For kit guns, “you’re printing the frame of a Glock or the lower receiver of an AR-15, and everything else is, you know, normally commercially available firearms components,” Charimanwon said.

The pistol recovered from Mr. Mangione was not made up entirely of 3D-printed parts; it had metal components as well. Those include the slide — the top portion of the gun — and the barrel, which appeared in the photos to be threaded, allowing a suppressor or silencer to be attached. The pistol’s magazine, which can often carry more than 10 cartridges and retails for around $25, appeared to have been store-bought.

Chairmanwon said that 3D-printed “ghost guns” were not easy to obtain. He said he was surprised by the high-profile nature of the killing and by the fact that the suspect was an Ivy League master’s graduate with a tech background.
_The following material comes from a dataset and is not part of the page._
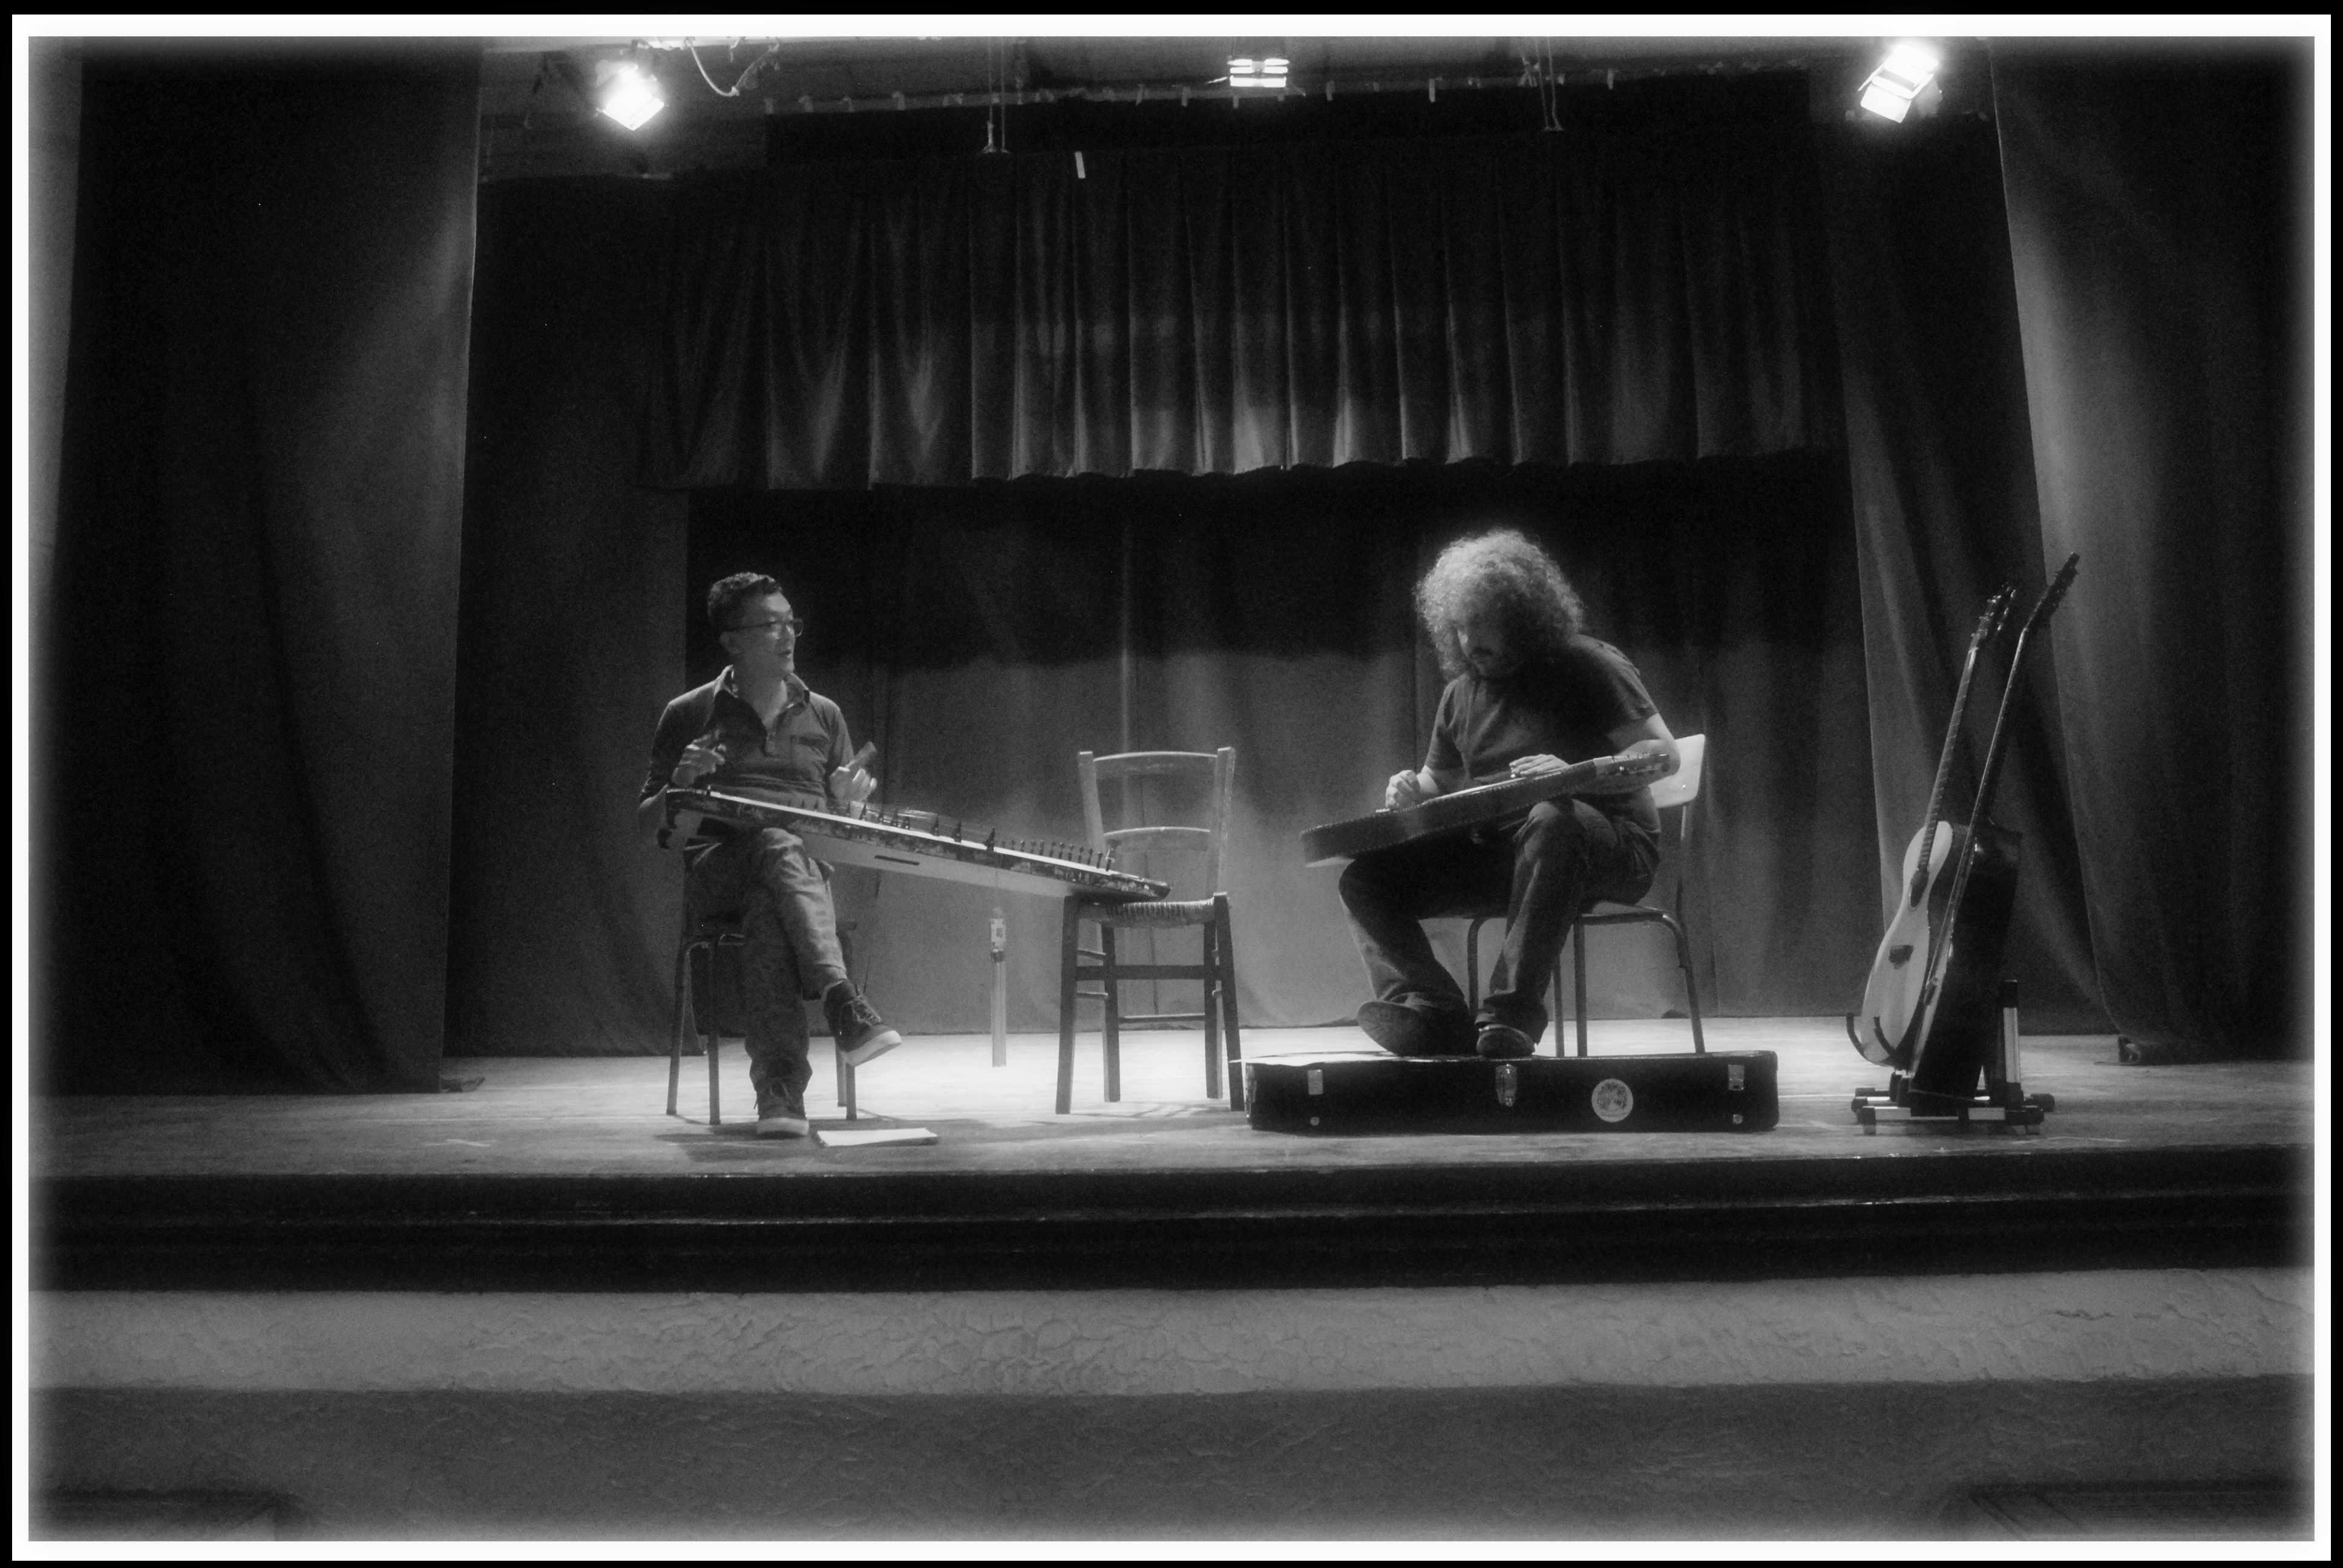 Tri Nguyen (Dan Tranh Zither) Roberto Diana (Weissenborn) Live video
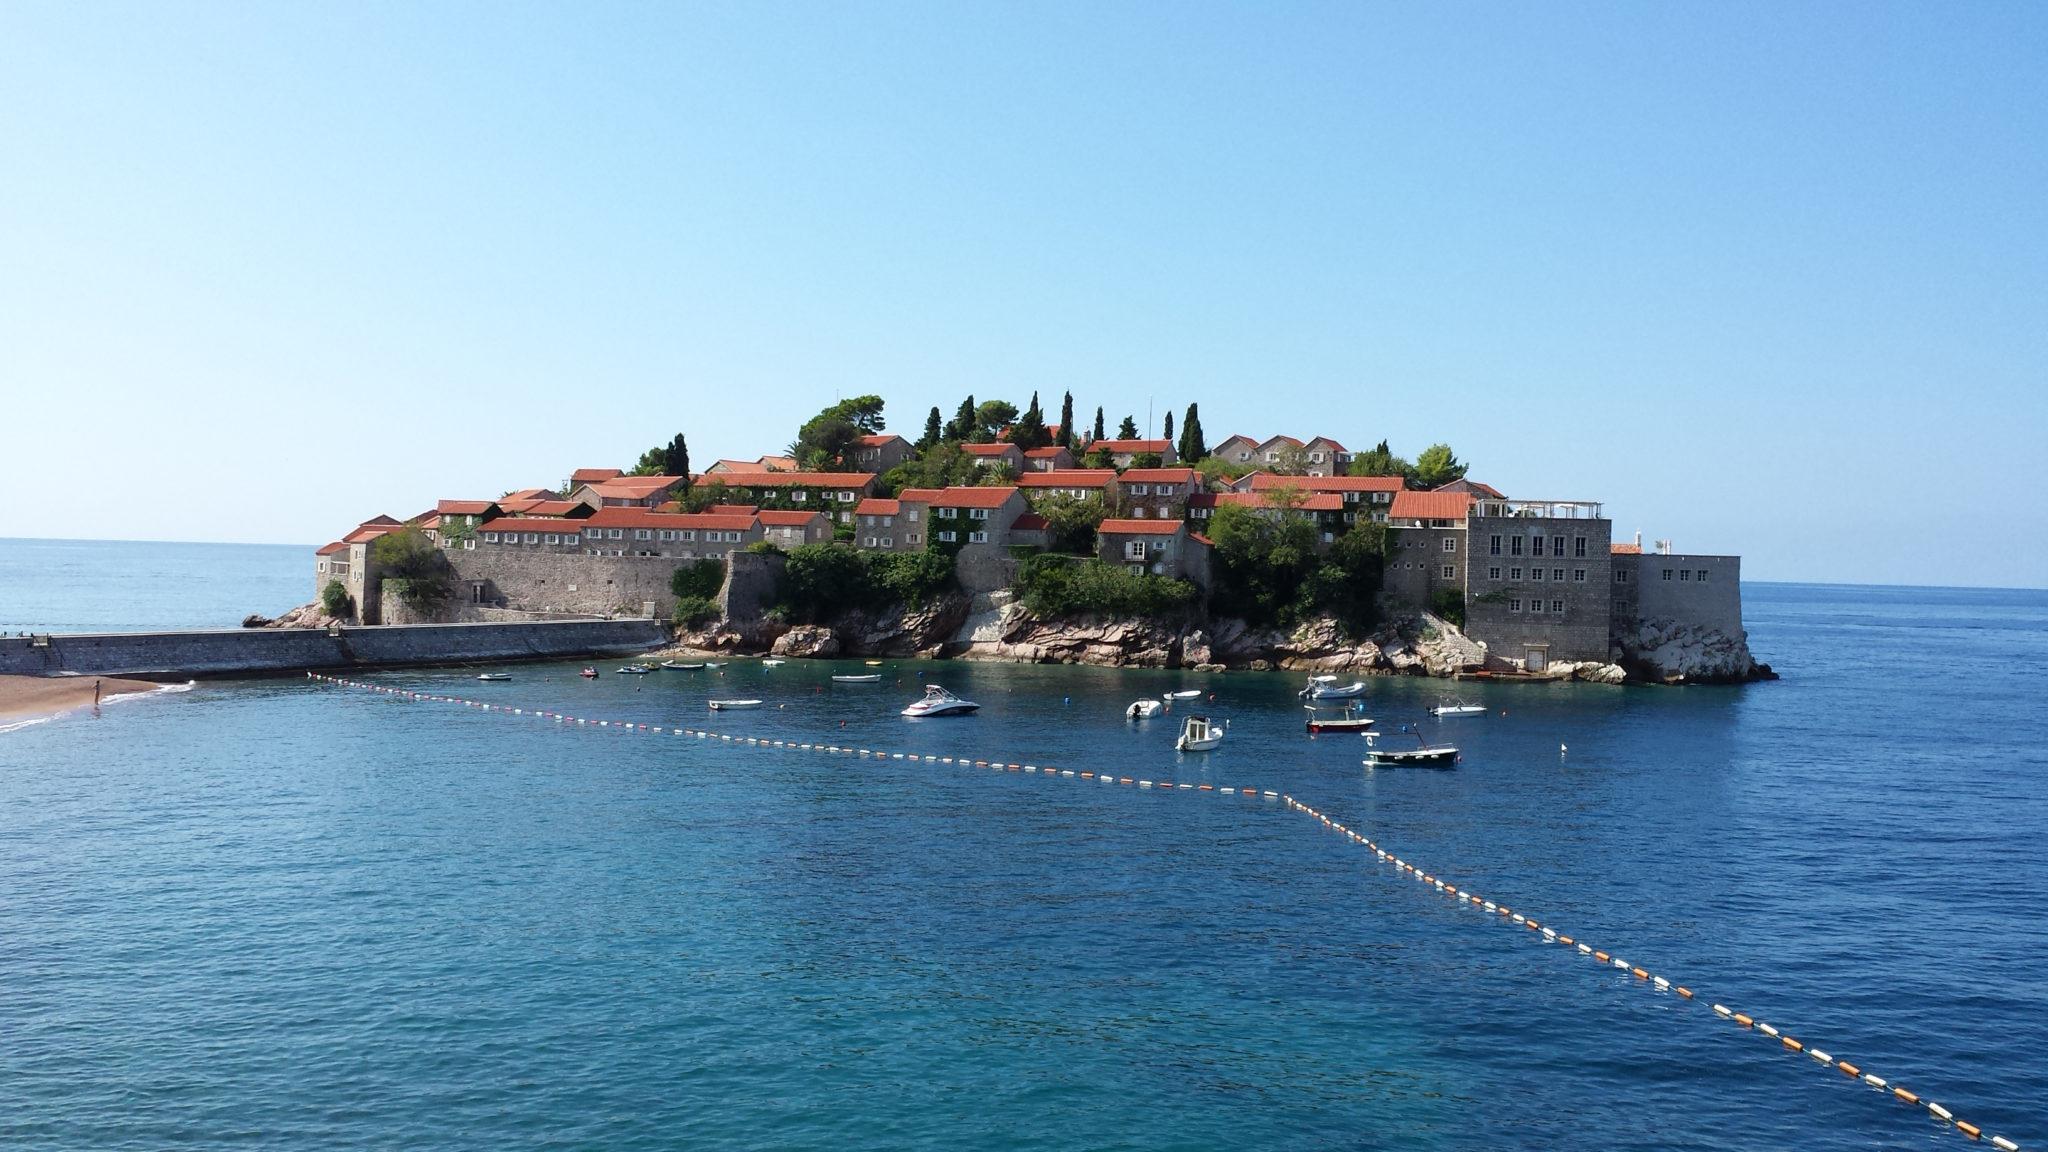 Hema_Montenegro_Sveti_Stefan_privat_beach_Adriatic_Coast_Blog_Voyage_Travel10

The only difference between his Remix design and earlier versions, Chairmanwon said, was that he had figured out how to get a 3D printer to put stippling onto the pistol’s handgrip. The rest of the design is known as the FMDA DD 19.2, which was first released in 2021 and took its name from the designer’s username, FreeMen DontAsk. Stippling is often put on 3D-printed gun grips afterward using a soldering iron or laser.

Homemade 3D-printed Glock frames were unreliable until online retailers began selling metal rails that could be inserted to the printed frame so that the firearm’s slide could cycle when fired. With the rails installed, such a gun can typically stand up to the firing of a few hundred rounds or more before stresses start to show in the frame, depending on how fast the weapon is fired.

“Three-D-printed weapons can be fabricated and assembled by individuals with little or no technical expertise,” said Matt Schroeder, a senior researcher for the Small Arms Survey. “Three-D-printed weapons have not yet supplanted factory-built weapons in criminal circles, but if and when they do, we will have to completely rethink our approach to small arms control.”